У меня такая проблема: на компьютере был установлен ABBYY FineReader 8.0, но по некоторым причинам(необходимо было освободиь место на локальном деске C:) я его деинсталлировала(как пологается, через панель управления>установка и удаление программ). После деинсталляции в Program Files осталась папка ABBYY FineReader 8.0 с таким содеражанием: папка Демо и файл FECMenu.dll и эти файлы не удаляются. После, при каждом вызове контекстного меню для какого-нибудь файла появляется сообщение: "Нужный файл находится на сетевом ресурсе, который сейчас недоступен" и предлагается выбрать папку, в котрой должен содержаться файл установки.
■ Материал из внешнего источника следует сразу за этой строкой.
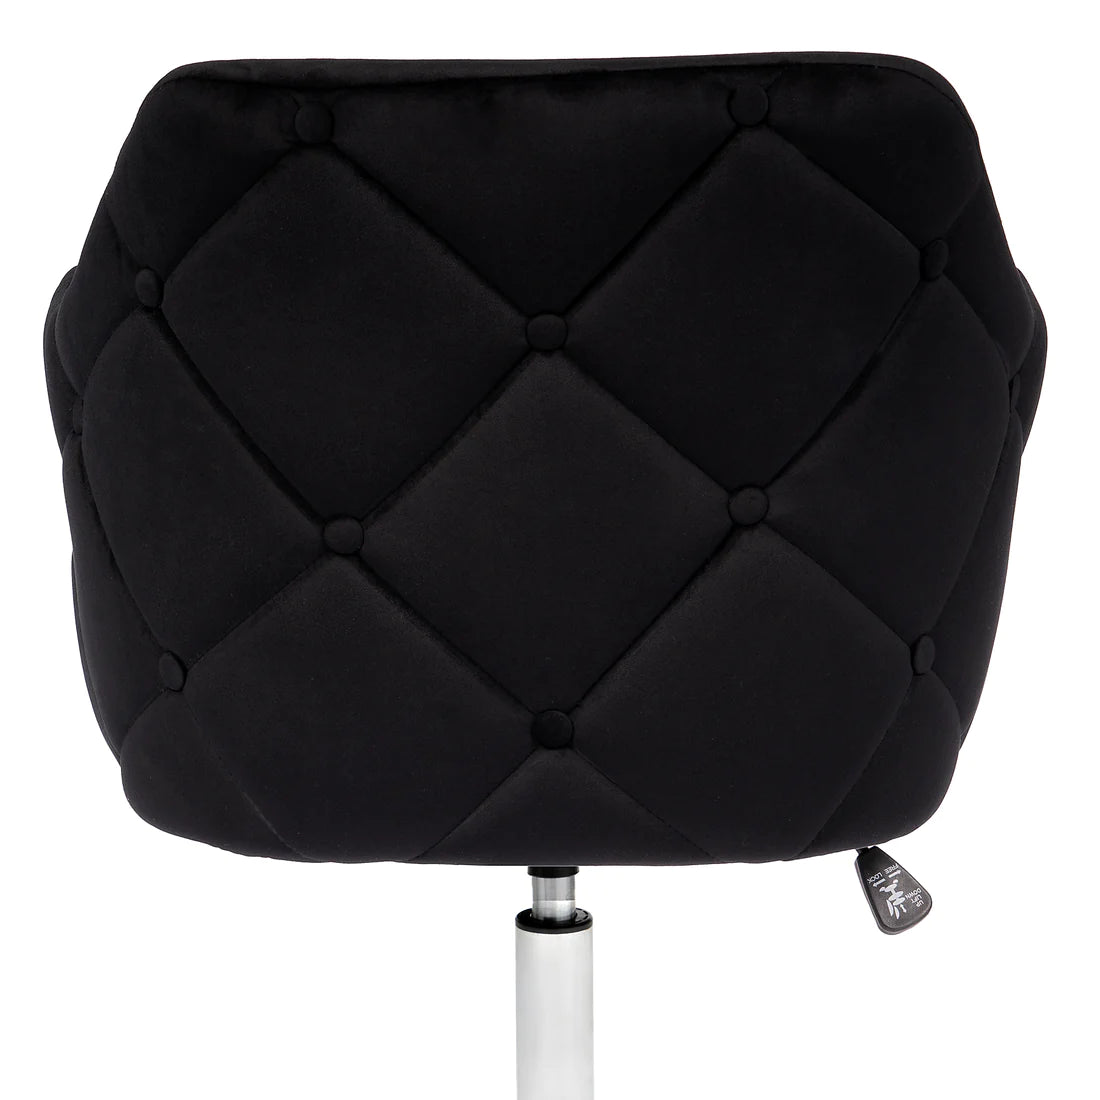 Pearl Tufted Office Chair (Black Velvet)

При нажетии кнопки ОК такое сообщение появляется еще миллион раз, при Отмена - то же самое, а при закрытии окна сообщение появляется еще раз и исчезает. Пробовала чиститьь реестр с помошью программы CCleaner и 1-Click Maintenance, но ничего не помогает. Сейчас на компьтере установлен ABBYY FineReader 7.0, который прекрасно работает.
Помогите найти способ, чтоб окно с сообщение про отсутствие сетевого ресурса не появлялось и вызов контекстного меню проходил без всплытия таких вот текстов.
Пожалуйста, а то я уже не знаю, что делать(
                                       Заранее спасибо :)

----------


## Silkoni

Посмотри автозагрузку этих файлов и удали их оттуда

----------


## Vishenka

Ну я удалила, и ничего не изменилось( У кого-то другие мысли естьИ? Мне уже надоели эти всплываюшие окна при попытке удаления или переименования файлов(

----------


## Silkoni

> Ну я удалила, и ничего не изменилось( У кого-то другие мысли естьИ? Мне уже надоели эти всплываюшие окна при попытке удаления или переименования файлов(


Я тебе скинул сообщение в личку, ответь.

----------


## Silkoni

Хотя может кому еще понадобится. Програмка просматривает то, что автостартует в системе. Скачать Autoruns.zip - 164.5 Kb

----------


## Vishenka

Так он не автостартует, а запускается при нажатии определенных клавиш(правой на мыше на каком-нибудь файле, и при очистке корзины). 
У меня стоит WinPatrol, он контролирует все автозагрузки)

----------


## Vishenka

Народ, ну помогите, пожалуйста)
Меня уже этот Файнридер достал(((

----------


## Silkoni

Ты поставила 7 версию, а чем она лучше 8 версии. У меня стоит 8 версия и никаких проблем нету. Может тебе лучше обратно поставить 8 версию и не парится? Что послужило причиной преустановки?

----------


## Vishenka

Просто дело в том, что у меня нету крэка для 8 версии(при проверке на вирусы Avast удалил), а для 7й есть(
Во-первых, мне больше нравиться по удобству версия 8)
А во-вторых, мне нужжно было освободить место на локальном диске C:. Вот и удалила. А 7ю версию поставила на локальный диск D(там у меня есть папка "Программы", куда я ставлю тяжеленькие проги)

----------


## Vishenka

Мне вот сказали, что скорей всего прийдеться переустановить операционную систему. Но я так не хочу это делать((

----------


## Vishenka

Спасибо всем за внимание_) Проблема решена! Я, при всплытии этого сообщения, просто указала путь, где хранится установочный файл_) Программа установилась на прежнее место. После этого я ее снова деинсталлировала и сообщения про недоступный сервер больше не всплывают! Как хорошо их не видеть_
                                               :)

----------


## Silkoni

Молодетс Вишенка

----------


## Vishenka

Пасибки_) Ну обращайся, если что, помогу чем смогу_)
Ну я сама рада, что все удалось решить_)

----------